The pediatric community is engaged in the “Milestones Project,” a joint initiative of the ACGME and the American Board of Pediatrics to define performance standards or “milestones” for residency training in the specialty as the next step in defining desired outcomes of competency-based education.10 Two of the authors (C.C. and R.E.) are involved in this project and bring an important lesson from our work to bear on this new initiative. Narrative descriptions of behaviors that demonstrate developmental progression over time will replace the assessment rubrics described in this work. Most important, before relying on these new milestones to make judgments about individual resident performance and aggregate resident performance for purposes of program accreditation, the pediatric community needs to study them rigorously to determine whether predictions about the progression of skill development and expectations for performance at points along the educational continuum are realistic and achievable.

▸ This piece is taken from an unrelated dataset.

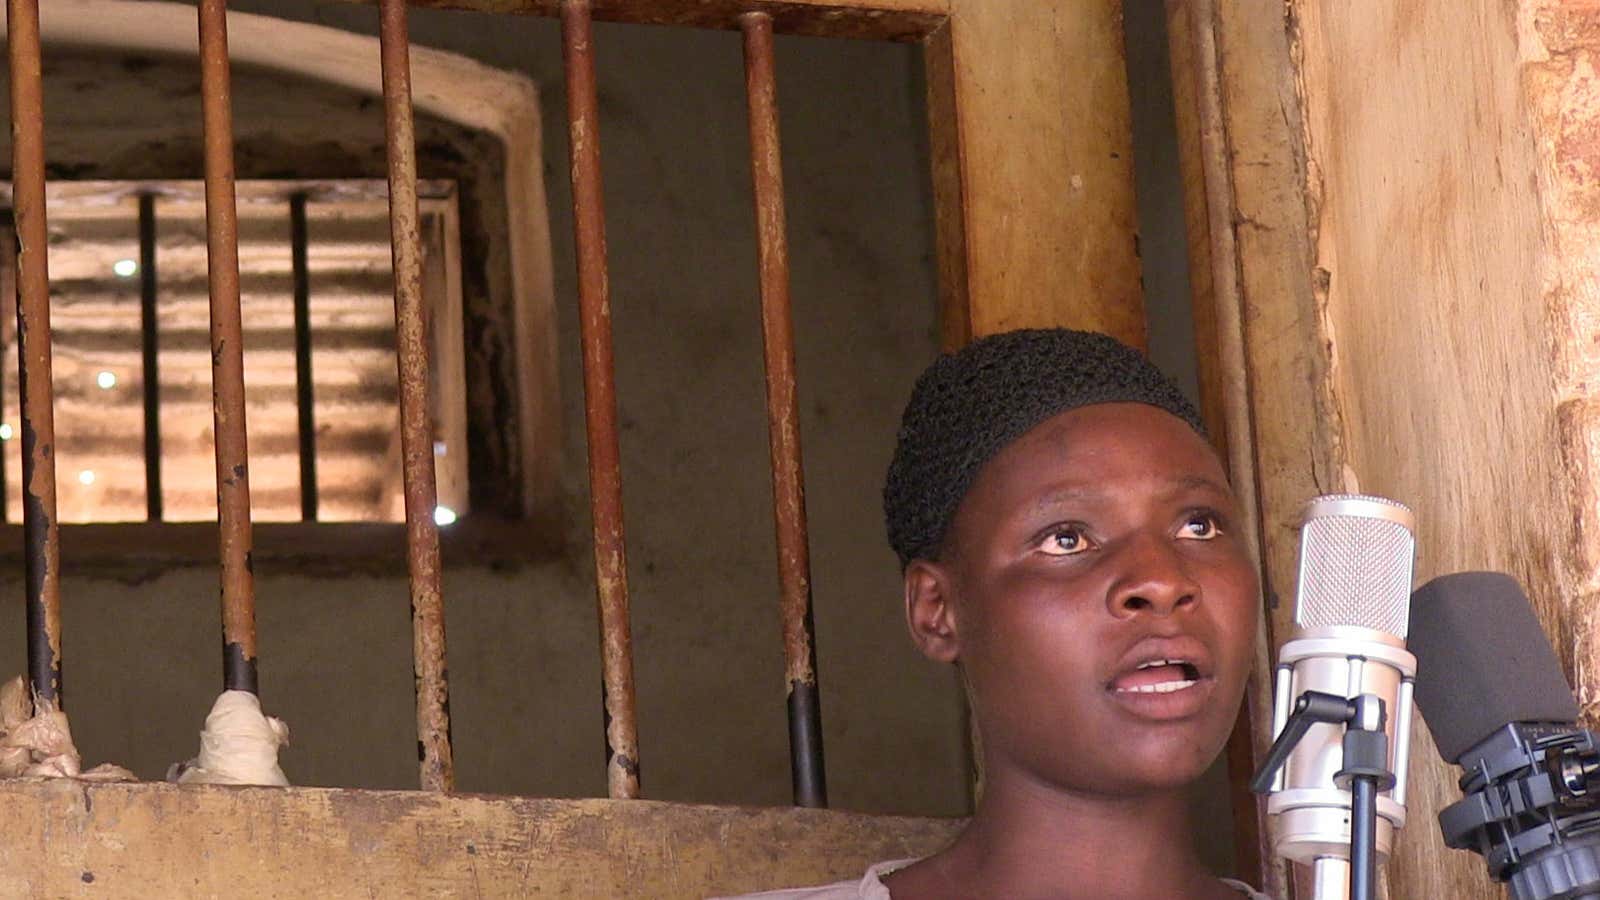 A Grammy nomination is a sign that the Malawi prisoners’ voices have been heard.

In The Wisdom of Crowds, Surowiecki11 suggests that large groups of people are better at problem solving than any individual, regardless of ability. The program directors' ability to predict performance outcomes as demonstrated in this study seems to substantiate his theory. There was a relatively small number of learning objectives for which predicted performance did not meet expectations. We will continue to draw on the “wisdom of the crowd” of program directors as we move toward the next iteration of standard setting.
This work was funded in part through the generosity of the Health Resources and Services Administration.
Exemption granted by the institutional review board at the University of Maryland School of Medicine.